§ EXERCISE DATA
========================

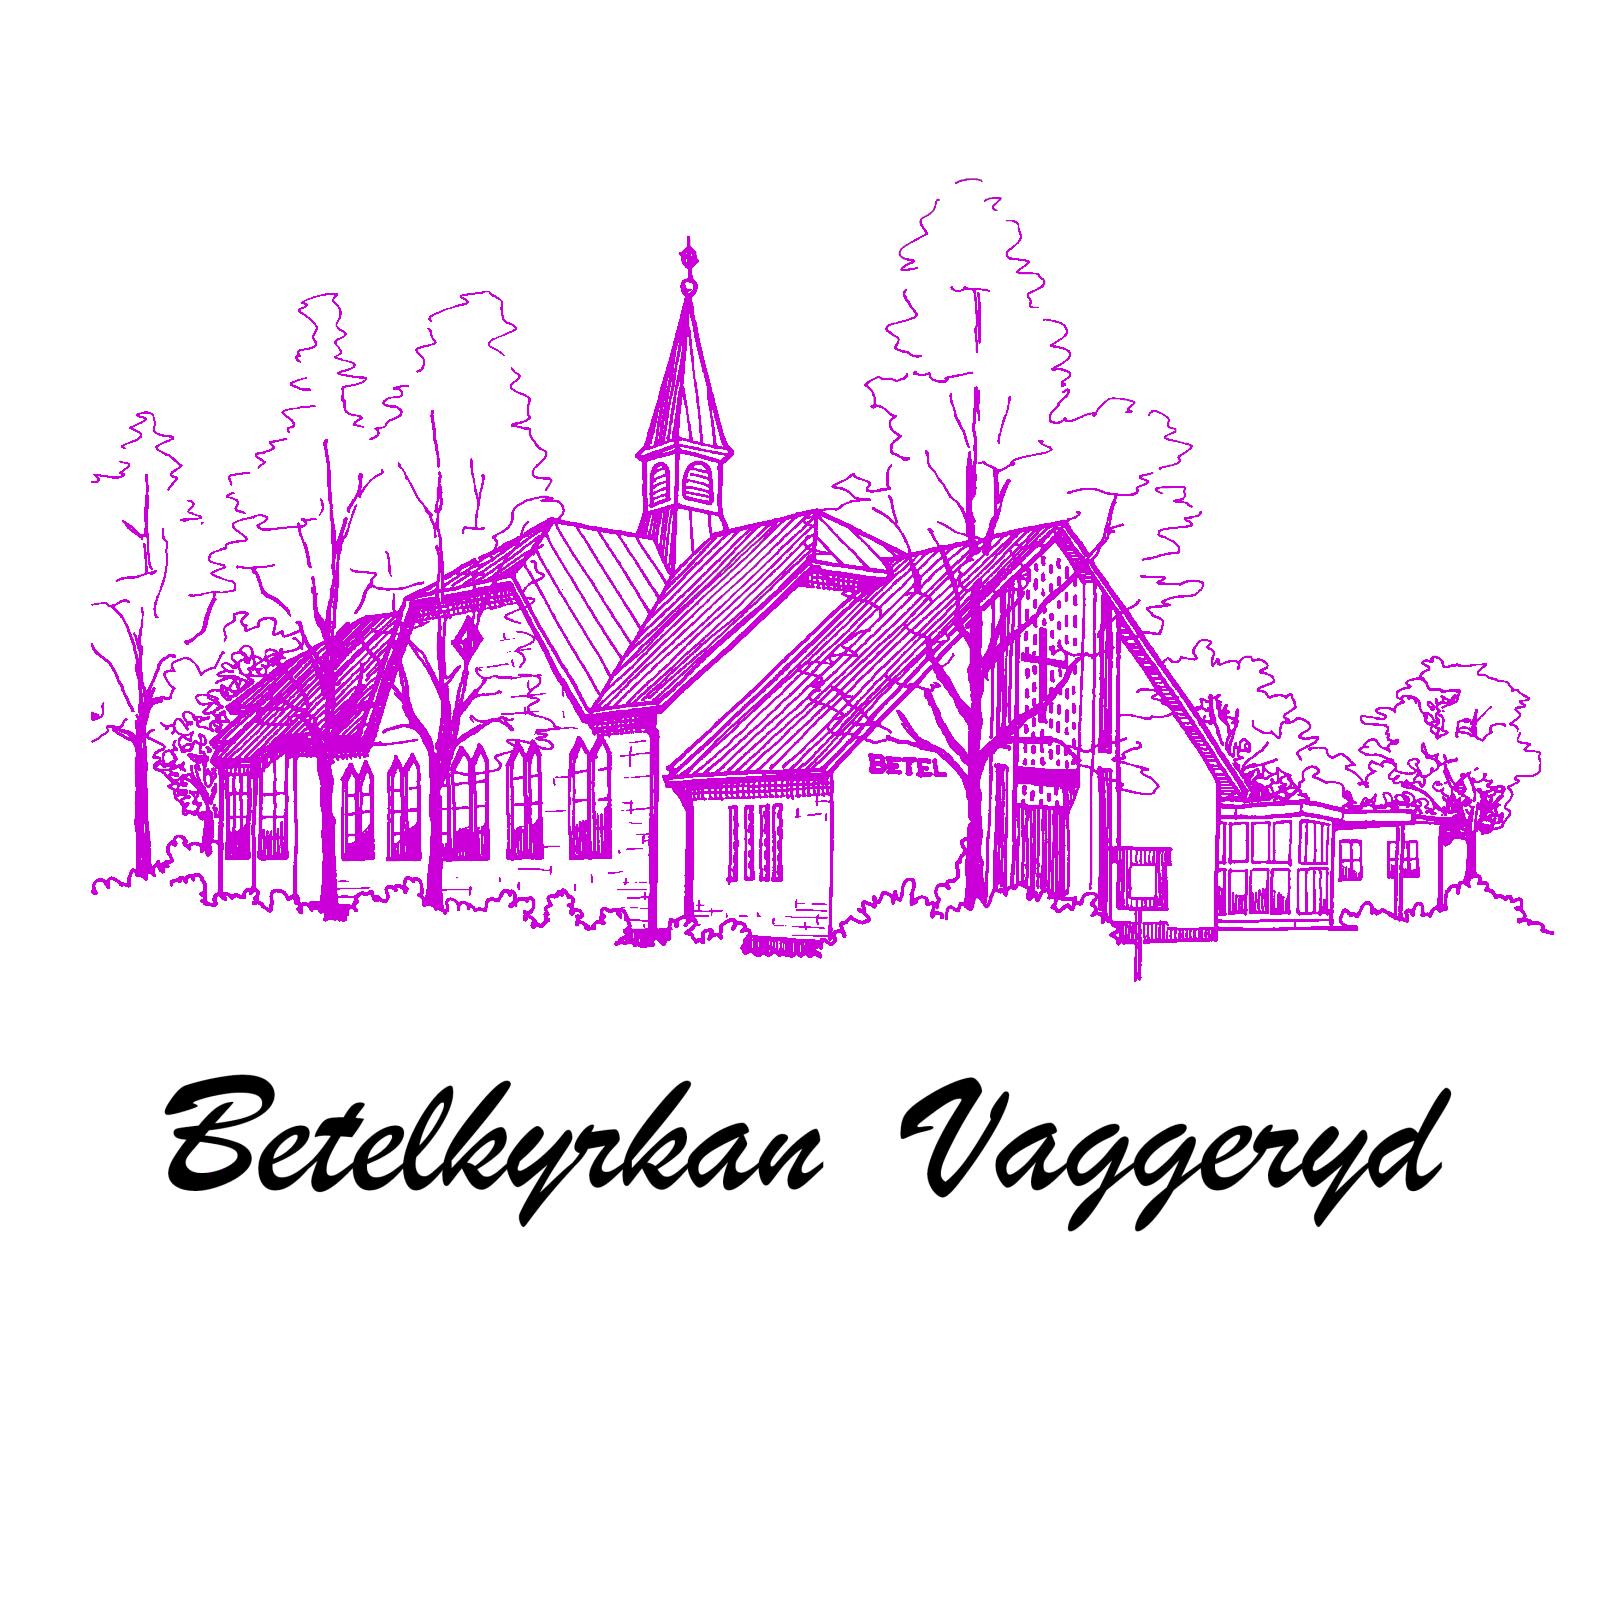 Betelkyrkan Vaggeryd
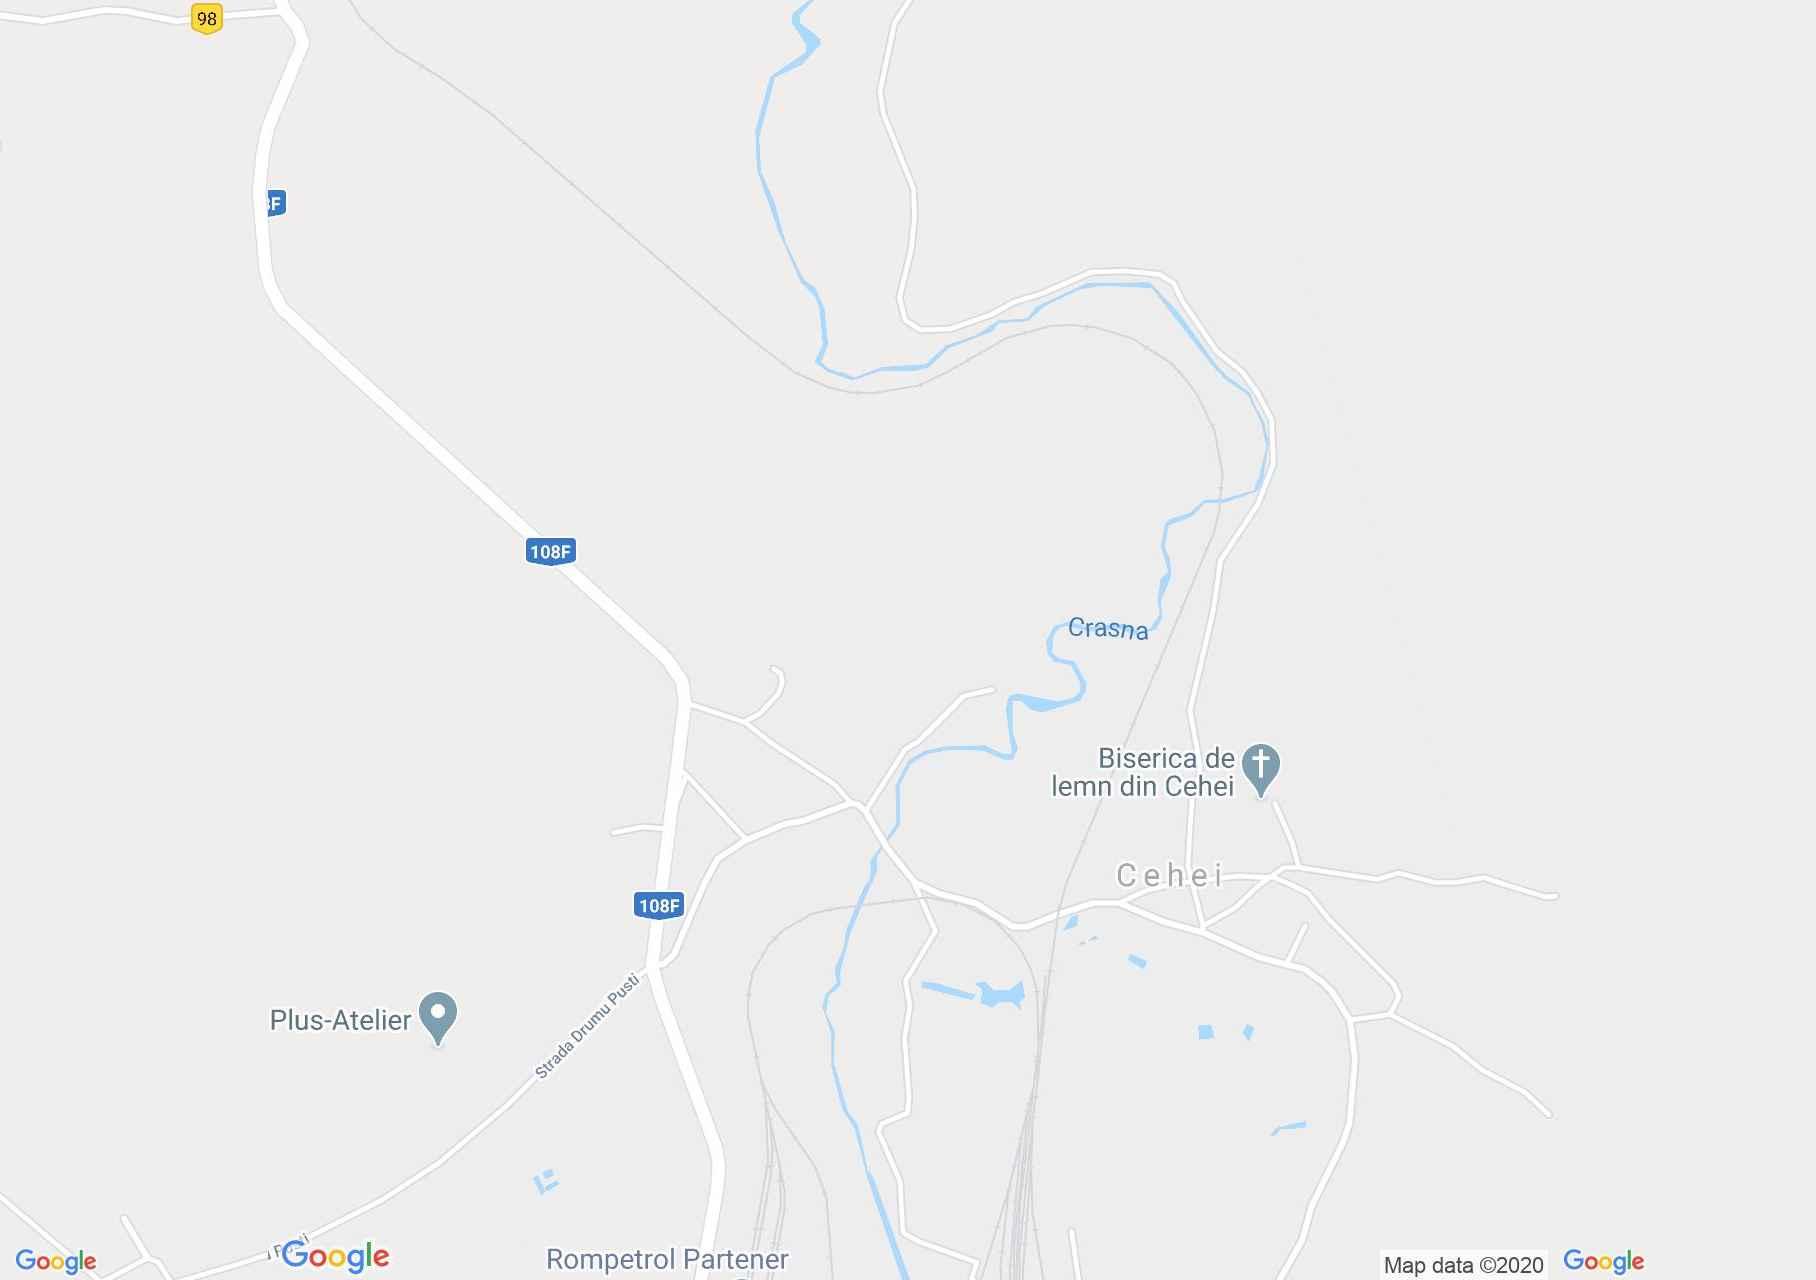 Cehei, Interactive tourist map
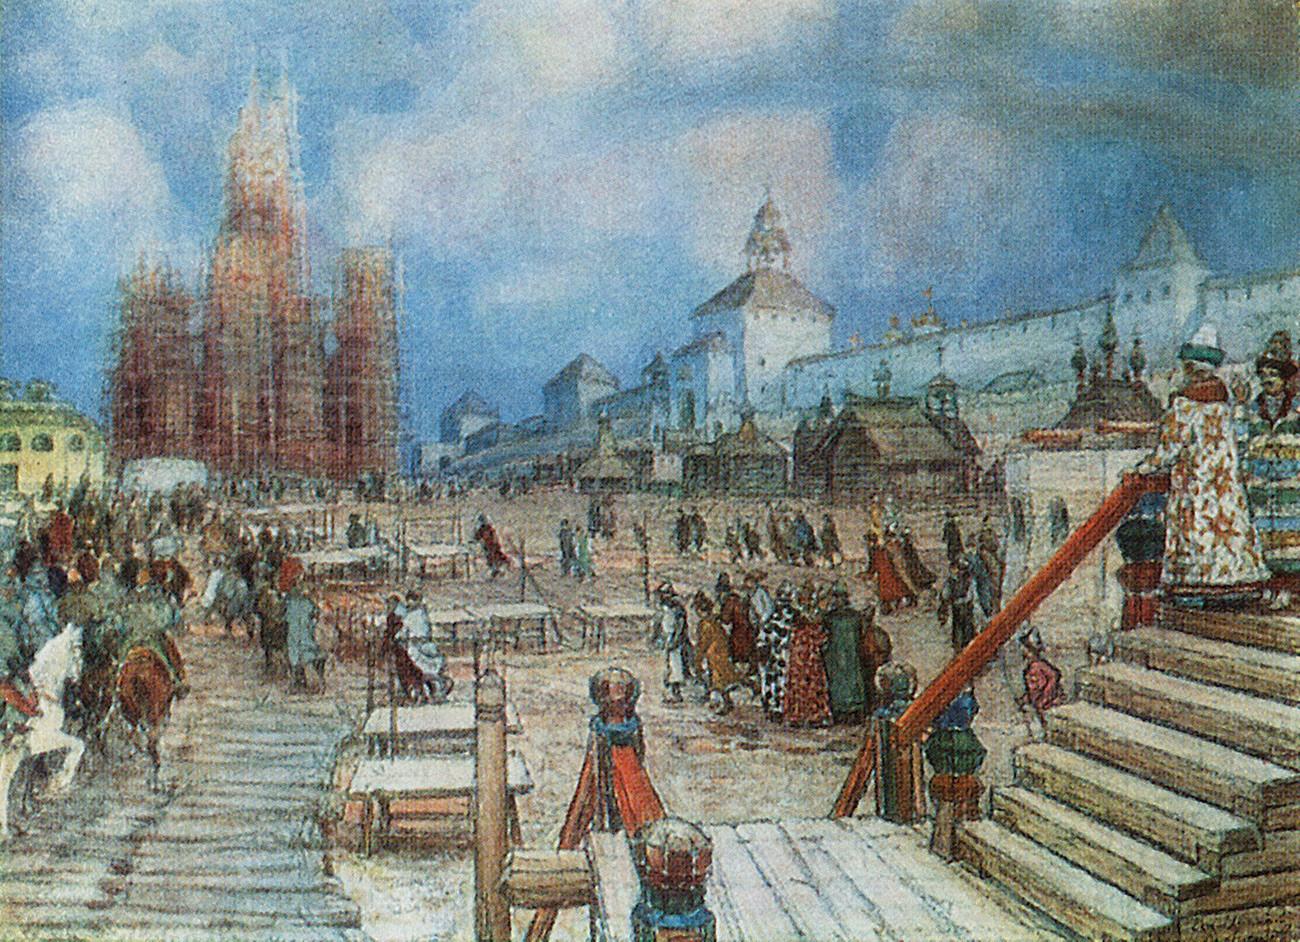 Der Rote Platz in der Zeit von Iwan dem Schrecklichen

========================

§ EXERCISE
Skip every picture and retype only the lines from the line with "Cehei, Interactive tourist map" through the last line of the listing, both ends included, exactly as they appear.

§ RESPONSE BOX
 Cehei, Interactive tourist map
 Der Rote Platz in der Zeit von Iwan dem Schrecklichen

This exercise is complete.